Le recours à Aristote et à l’histoire de la philosophie jouent un rôle important dans la Lettre-préface à la traduction française des Principia philosophiae. Ils ont lieu dans le sillage de la hiérarchie des cinq moyens d’atteindre la sagesse, connaissance satisfaisante de la vérité[32]. Là, Aristote va de nouveau être distingué des philosophes qui l’ont suivi. Cette manière d’écarter Aristote de ses successeurs n’est pas nouvelle, nous l’avons vu. Des raffinements apparaissent cependant qui, à ce niveau, ne changent pas le procédé. Ainsi, par exemple, ceux qui l’ont suivi et méconnu se rangent en deux catégories historiques ayant la figure d’Épicure comme point tournant : il y aurait les successeurs immédiats d’Aristote jusqu’à Épicure et « la plupart de ceux de ces derniers siècles qui ont voulu être philosophes[33] ». La nouveauté et l’approfondissement sont ailleurs. Ils sont dans la manière d’inscrire Aristote dans une histoire de la philosophie, de sa circulation, de sa transmission.

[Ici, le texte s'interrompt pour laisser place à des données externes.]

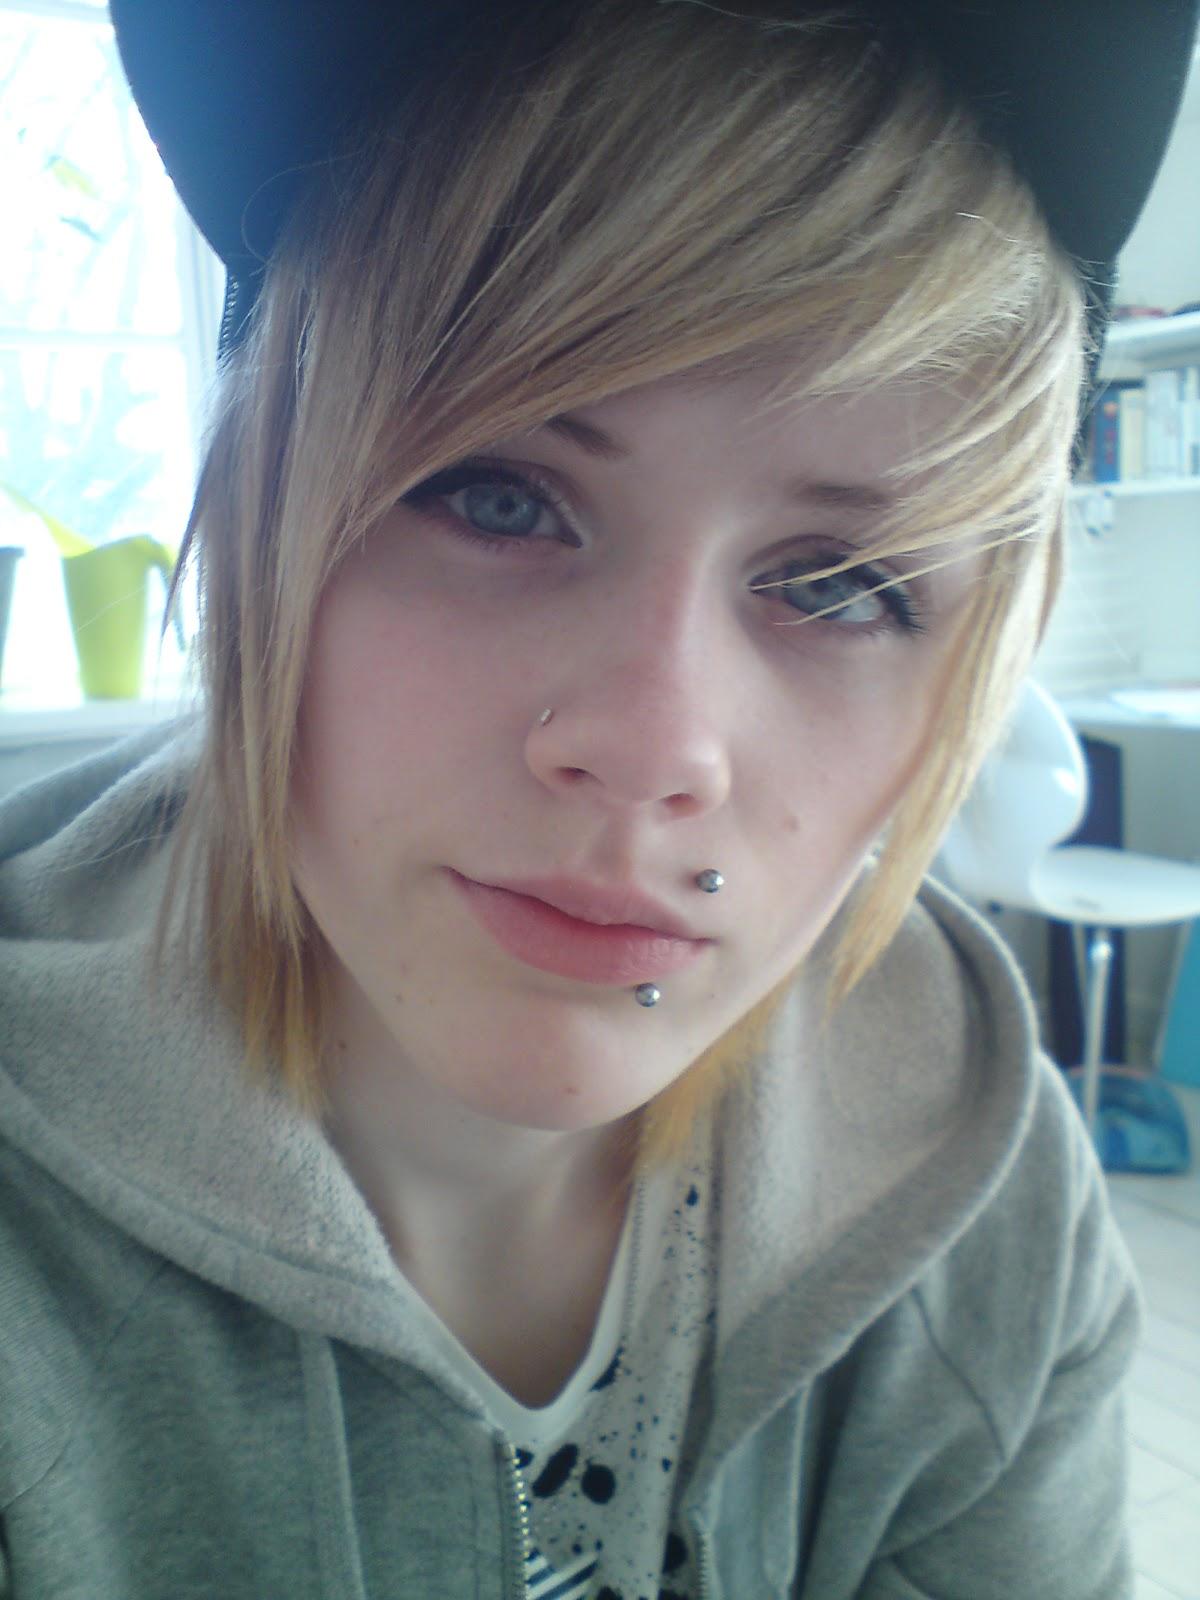 tomboy online dating)

D’une certaine manière, dans l’histoire interprétée à la lumière de l’épistémologie cartésienne, il n’y a pas de commencement, comme nous l’avons vu dans la section précédente : « il y a eu de tout temps de grands hommes qui ont tâché de trouver un cinquième degré pour parvenir à la sagesse ». En tous les temps, à chaque époque, toujours déjà, il y a cette tentative, cette quête. Dans le cadre de la recherche de ce degré particulier, ajouté aux quatre autres, la désignation de « philosophe » a vu le jour, désignation qui donnera le nom à une « profession » qui dure encore au temps de Descartes. Mais, alors, la sagesse de ces « philosophes » est mise en question et leur caractère raisonnable est douteux[34]. Cette quête particulière d’un degré différent n’est pas seulement quête de sagesse et de connaissance certaine comme les autres degrés le permettent mais quête d’un fondement encore toujours plus assuré, recherche des « premières causes et les vrais principes dont on puisse déduire les raisons de tout ce qu’on est capable de savoir[35] ». Non plus donc capacité d’acquérir et d’enseigner des connaissances et de faire entrer dans les leçons de l’expérience, mais profession et engagement raisonné à déduire toutes les connaissances possibles à partir d’un commencement diffracté en causes premières et vrais principes. Or, bien qu’ayant été désigné et l’espace de son élaboration annoncé, ce degré suprême n’a pas été atteint, déclare Descartes. Comme s’il s’agissait de désirer un type de sagesse inaccessible, de maintenir ouvert un horizon. Pourtant – et là commence la charge contre une certaine histoire de la pratique philosophique – pour Descartes, ce cinquième degré de sagesse n’est pas inaccessible et il est lié à une capacité humaine fondamentale[36]. À cette lumière, l’histoire de la philosophie ne saura être que l’histoire des échecs des philosophes successifs : « Toutefois je ne sache point qu’il y en ait eu jusqu’à présent à qui ce dessein ait réussi[37]. »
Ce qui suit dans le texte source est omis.